Living near a busy road can increase risk of asthma in children

Behind the Headlines

Wednesday August 22 2007

Picture of busy traffic

Road traffic can increase the risk of asthma, reported the Daily Express. A study has shown that “genetically susceptible” children are nine times more likely to develop asthma if they live near a main road. Both The Sun and Daily Express state: “Traffic-related pollution near your home increases the risk of asthma and reduces lung growth in children.” 

The story is based on a well-conducted study which considered the effects of various potential risk factors for asthma in children. It highlights the contributions of both genetic and environmental factors to risk of asthma in children.

 

Where did the story come from?

Muhammad Salam and colleagues of University of Southern California Keck School of Medicine, USA, conducted this research. It was funded by National Institute of Environmental Health Sciences, US Environmental Protection Agency, National Heart Lung and Blood Institute, California Air Resources Board and the Hastings Foundation. It was published in the peer-reviewed medical journal Thorax.

 

 

What kind of scientific study was this?

This was a cross-sectional study in which the researchers used data from the large Children’s Health Study population to look at two things. First, whether asthma was related to variations in two particular genes involved in the breakdown of chemicals such as those found in fuel emissions; and second, how risk is related to the level of exposure, e.g. living near a main road.

 

Data about asthma was collected from 3,124 children from schools in southern California, and samples from tooth brushings were used to extract genetic material to assess the gene variations.

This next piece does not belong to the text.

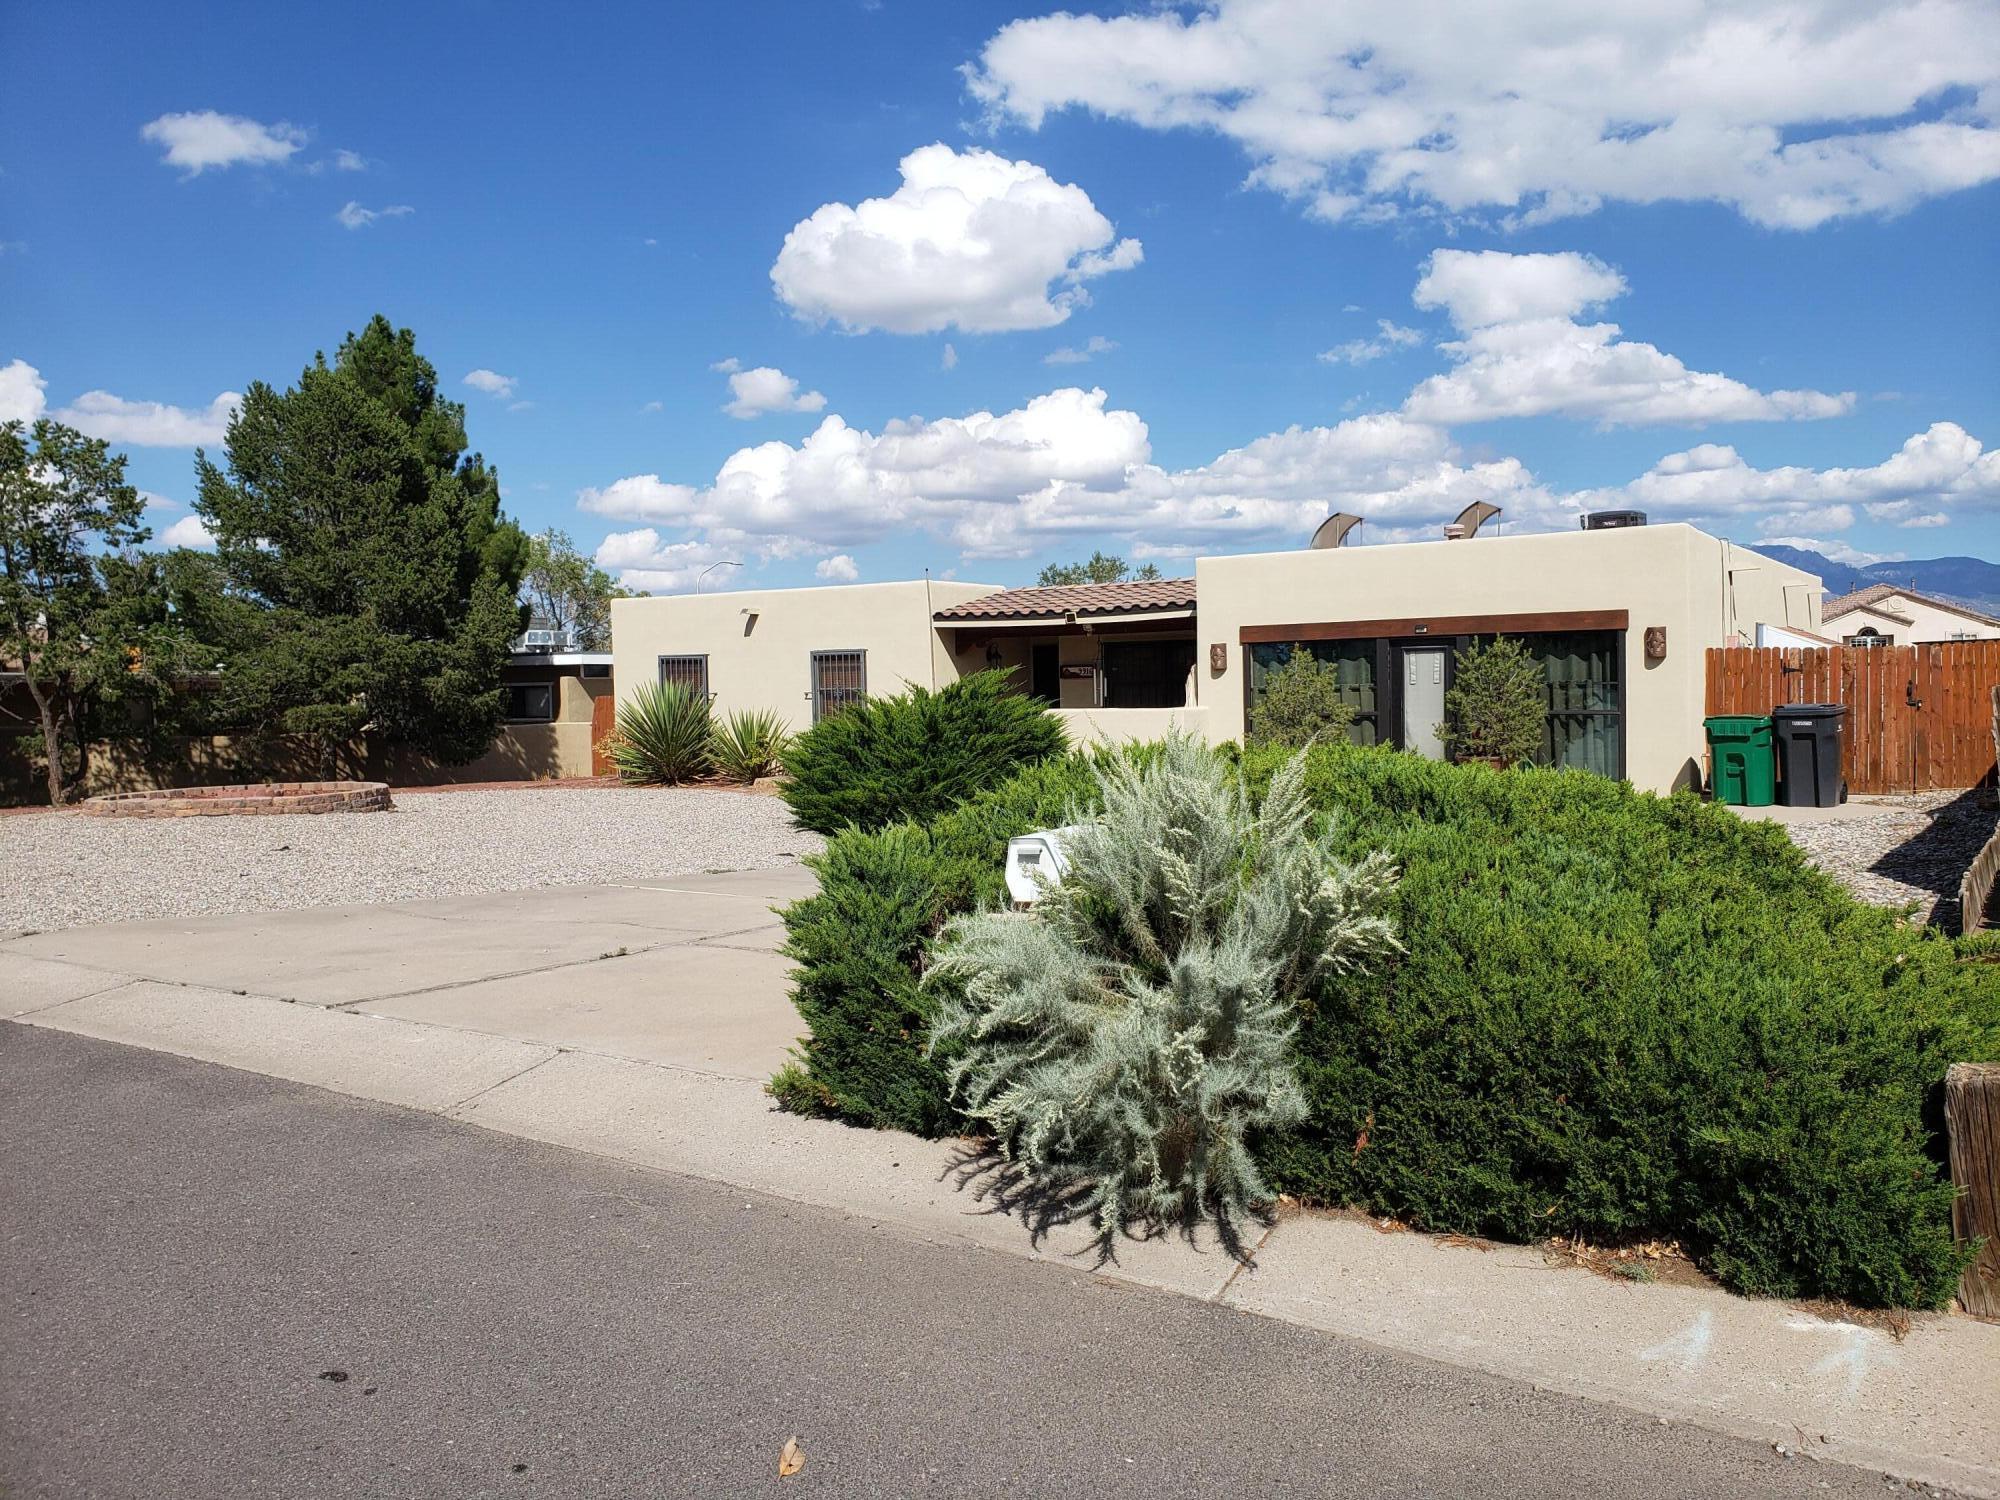 9916 GREENE Avenue, Albuquerque NM 87114

Calculations were made of the distance that each child lived from a major road and and each road was coded according to how heavy the traffic was, for example, whether they were highways or connecting roads.

Children were then grouped according the age at which the diagnosis of asthma had been made. Using statistical methods the relationship between this and the presence of the genetic variation was looked at, adjusting for other factors that may have an effect such as smoking exposure, age and family history of asthma. If a link with the genetic variation was found, the researchers looked to see whether the strength of the link was changed by adjusting for distance from a major road, in addition to these other factors.

 

What were the results of the study?

The researchers found that 15.5% of the group had asthma. Children who had particular variations of genes studied were at an increased lifetime risk of having asthma. The odds of developing asthma were nine times higher in children with high risk variations in both genes and who also lived within 75 meters of a major road, compared with children who had none of these risk factors.

 

 

What interpretations did the researchers draw from these results?

 

In general, children should be exposed to as little pollution as possible.

Sir Muir Gray

The researchers concluded that these particular genetic variations increase the risk of asthma. In children who have these genetic variations, the risk of asthma is increased further if they live near a busy road.

What does the NHS Knowledge Service make of this study?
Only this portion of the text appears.